Dmae Roberts is a two-time Peabody award-winning independent radio artist and writer who has written and produced more than 400 audio art pieces and documentaries for NPR and PRI programs. Her work is often autobiographical or about cross-cultural peoples and is informed by her biracial identity. Her Peabody award-winning documentary "Mei Mei, a Daughter's Song" is a harrowing account of her mother's childhood in Taiwan during WWII. Her most recent project has been Crossing East, the first Asian American history series on public radio which just garnered a Peabody award. The eight-hour series took three years to produce and ran on more than 230 stations around the country. She received the Dr. Suzanne Award for Civil Rights and Social Justice from the Asian American Journalists Association and was one of 50 artists around the country to be selected recently for the 2007 United States Artists (USA) Fellowship. Other awards include the Peabody, the Robert F. Kennedy Journalism award, the Casey Medal, the United Nations Silver award, two Clarion Awards, two Heart of America awards, and the National Lesbian and Gay Journalists Award.
Tatiana Schreiber
Tatiana Schreiber has worked as an independent radio producer since 1984. Her documentary series Places
Like This: Women in Prison, and Other Colors: Stories
of Women Immigrants received a NFCB
Golden Reel award, two Clarion Awards, and a Robert F. Kennedy Journalism
Award. Tatiana has produced more than 100 feature pieces for NPR,
BBC, Latin File, Horizons, Monitor Radio, Living on Earth, Crossroads,
Artbeat, The Cultivated Gardener, Common Ground Radio, and other outlets.
In recent years her focus has been on agriculture, the
environment, and Latin America. She recently completed a doctoral
degree in Environmental Studies, looking at cultural pluralism in
relationship to the environment, through the stories of the indigenous
and mestizo coffee farmers of Chiapas. She is also a part-time farmer,
raising and selling
organic produce in Vermont.
Elif Shafak
Novelist, journalist, and teacher Elif Shafak was born in France and spent her teenage years in Spain before returning to her native Turkey. After earning a Ph.D. in political science, Elif went to the US, where she worked as a visiting scholar at the University of Michigan and an assistant professor of Near Eastern Studies at the University of Arizona. She has taught courses on "Ottoman History from the Margins," "Turkey & Cultural Identities," "The Queer in the Middle East," "Literature and Exile," "Politics of Memory," and "Sexualities and Gender in the Muslim World." She now lives in Istanbul. Among her novels are The Bastard of Istanbul (2007) and The Saint of Incipient Insanities (2004).

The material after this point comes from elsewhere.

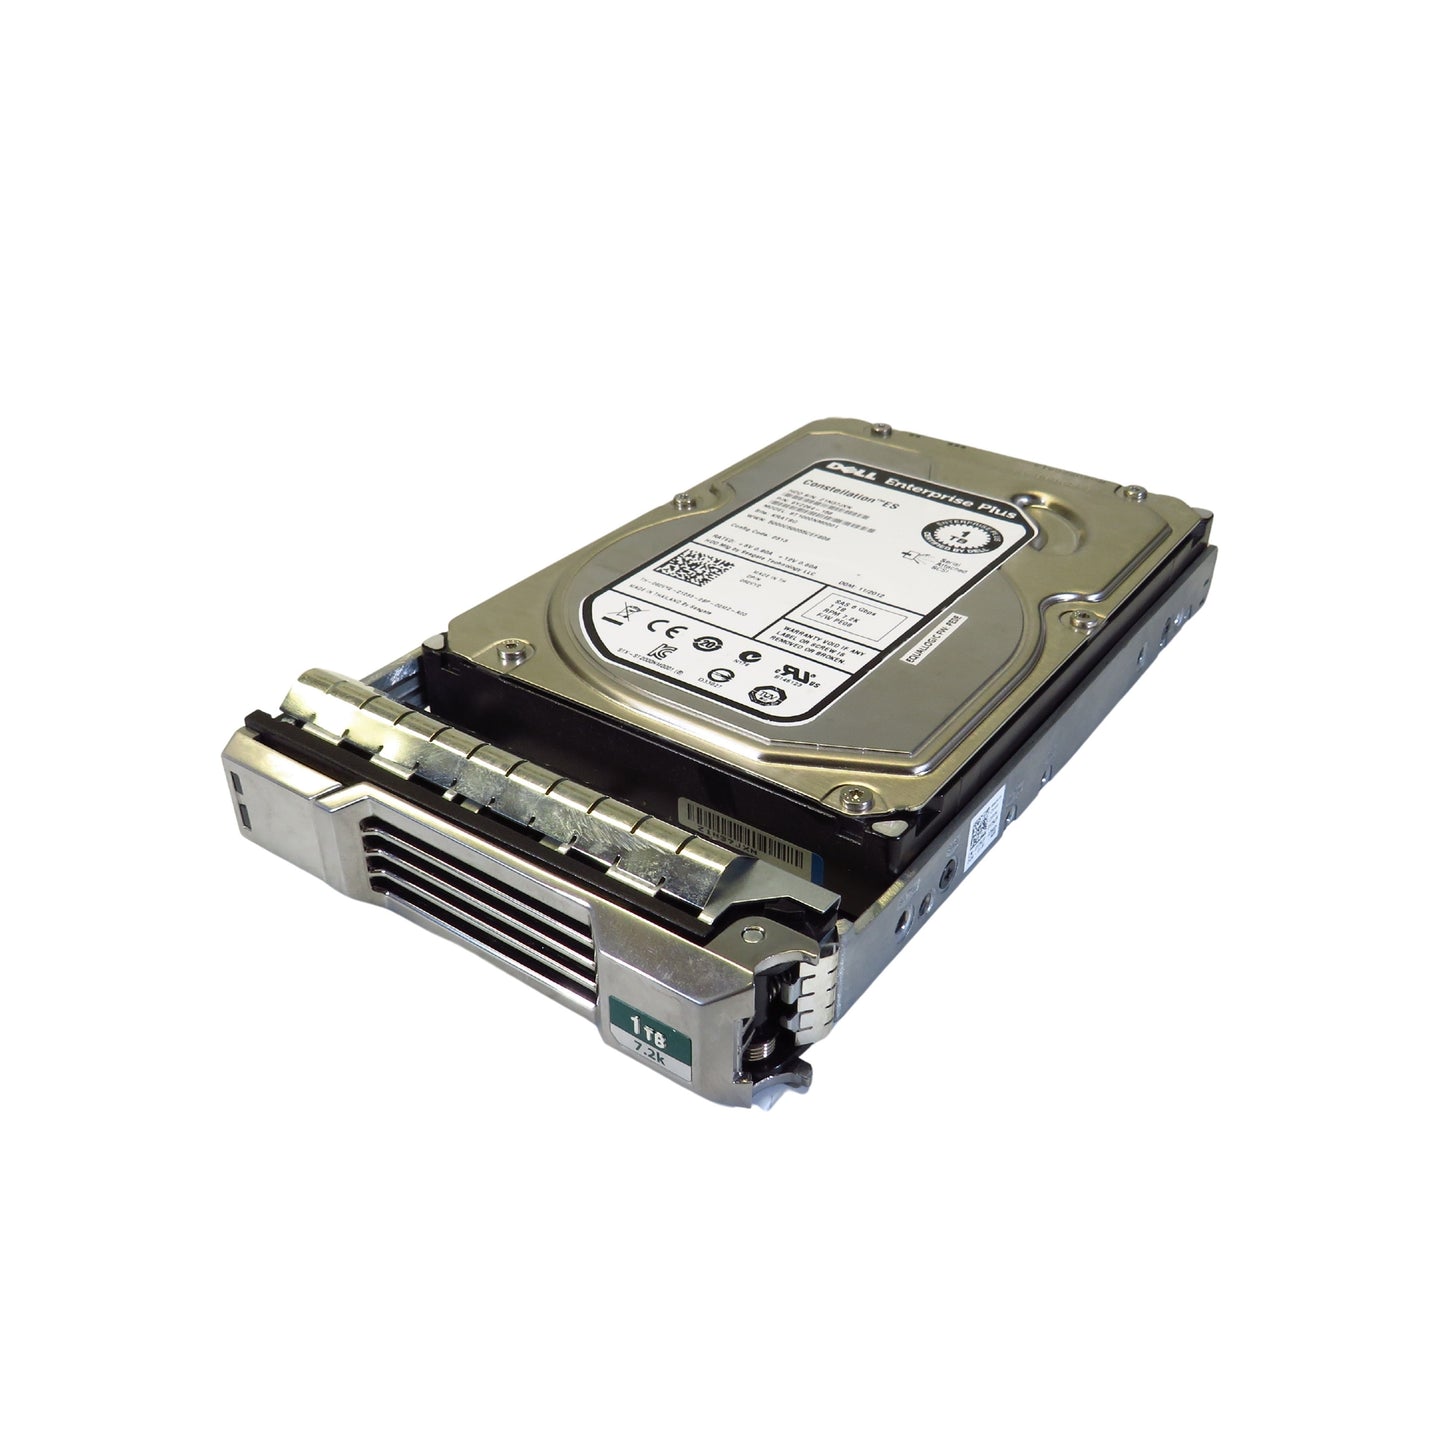 EqualLogic 62VY2 1TB 7.2K RPM 3.5" SAS 6Gbps LFF HDD Hard Drive (Refurbished)
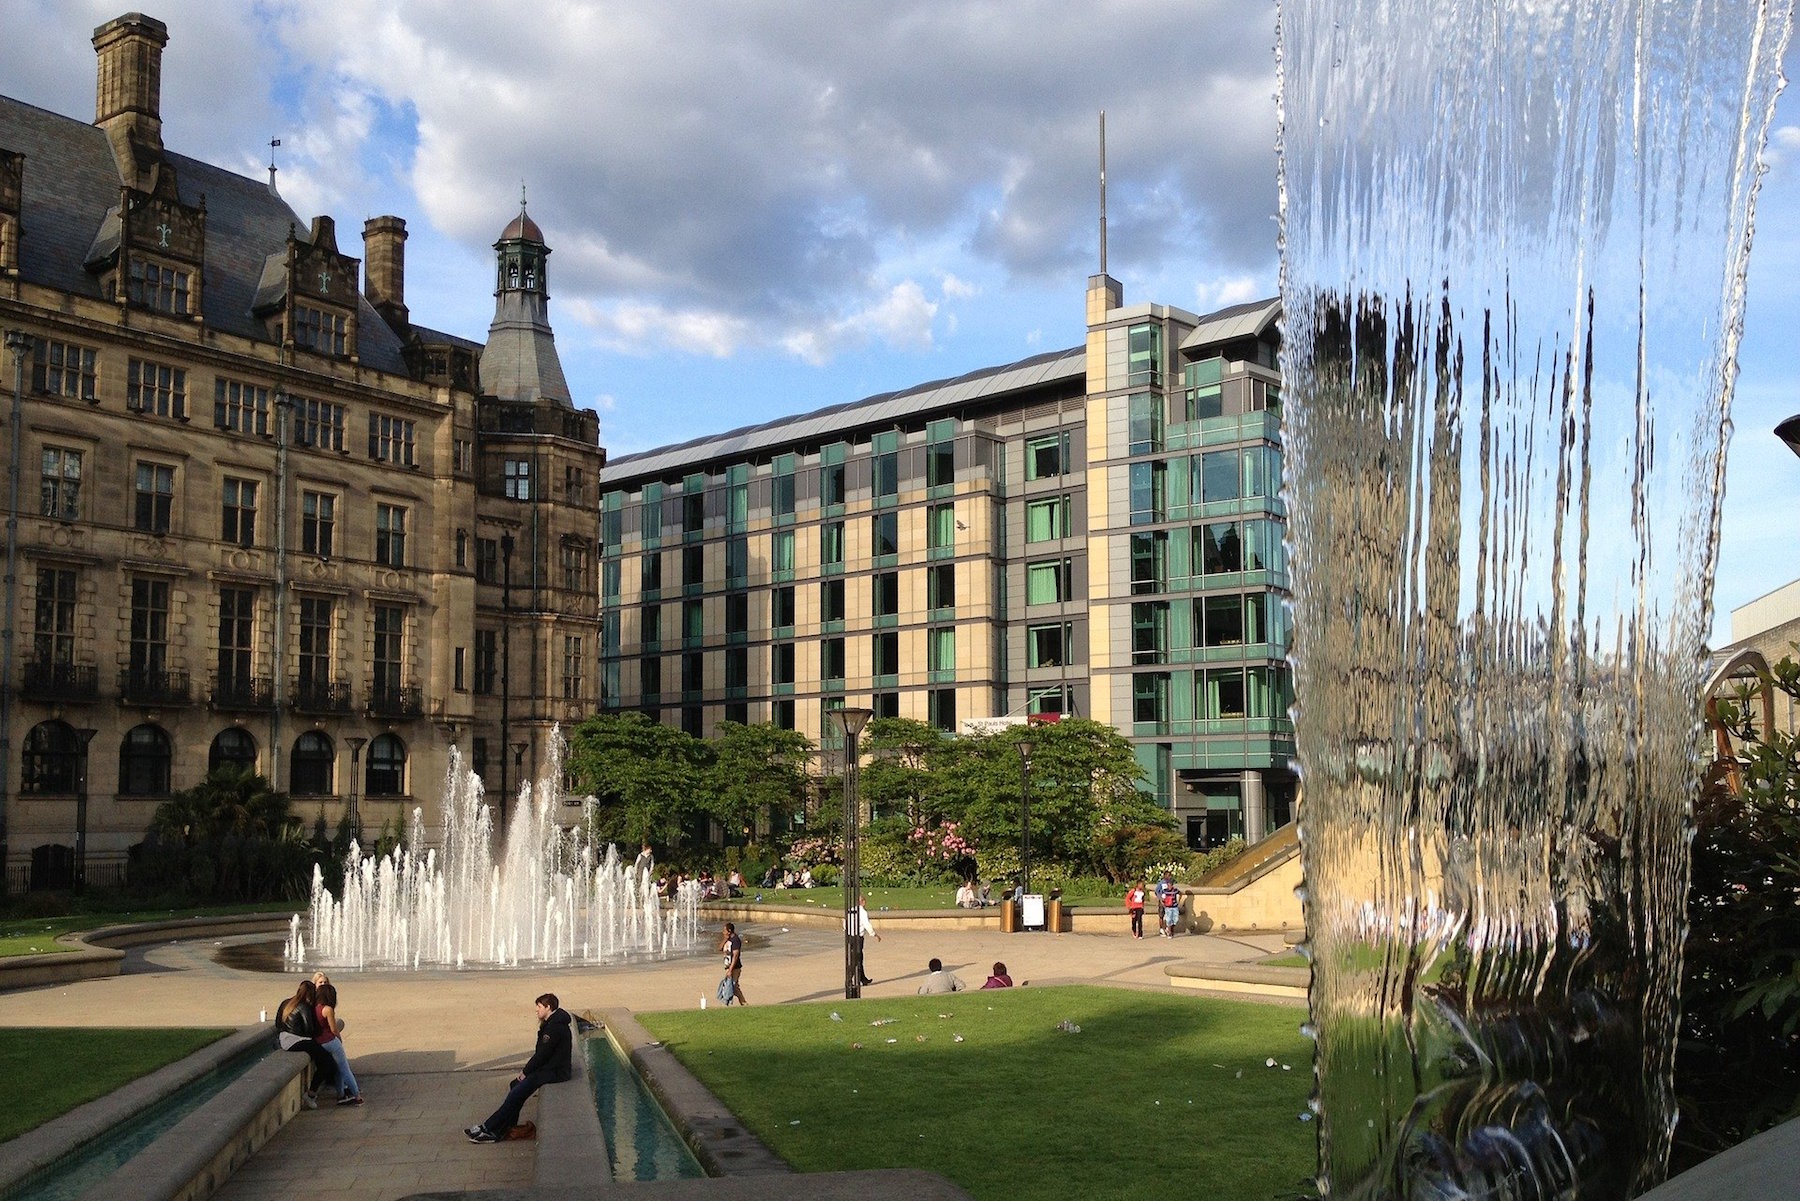 Sheffield Peace Gardens

Michael Hardt is a political philosopher
at Duke University who specializes in political, legal, economic, and social aspects of globalization. He is co-author, with Antonio Negri, of
the books Empire
(2001) and Multitude
(2004).
Richard Chase Smith is a cultural
anthropologist who has been working with Amazonian peoples
since the 1960s.
He is founder and director of the Instituto
del Bien Común (Institute for the Common Good) in Lima,
Peru.
Billie Jean Isbell
is a cultural anthropologist who specializes in gender, peace and reconciliation, and social movements in Latin America. Now retired from teaching, she is former
director of the Latin
American Studies Program at Cornell University.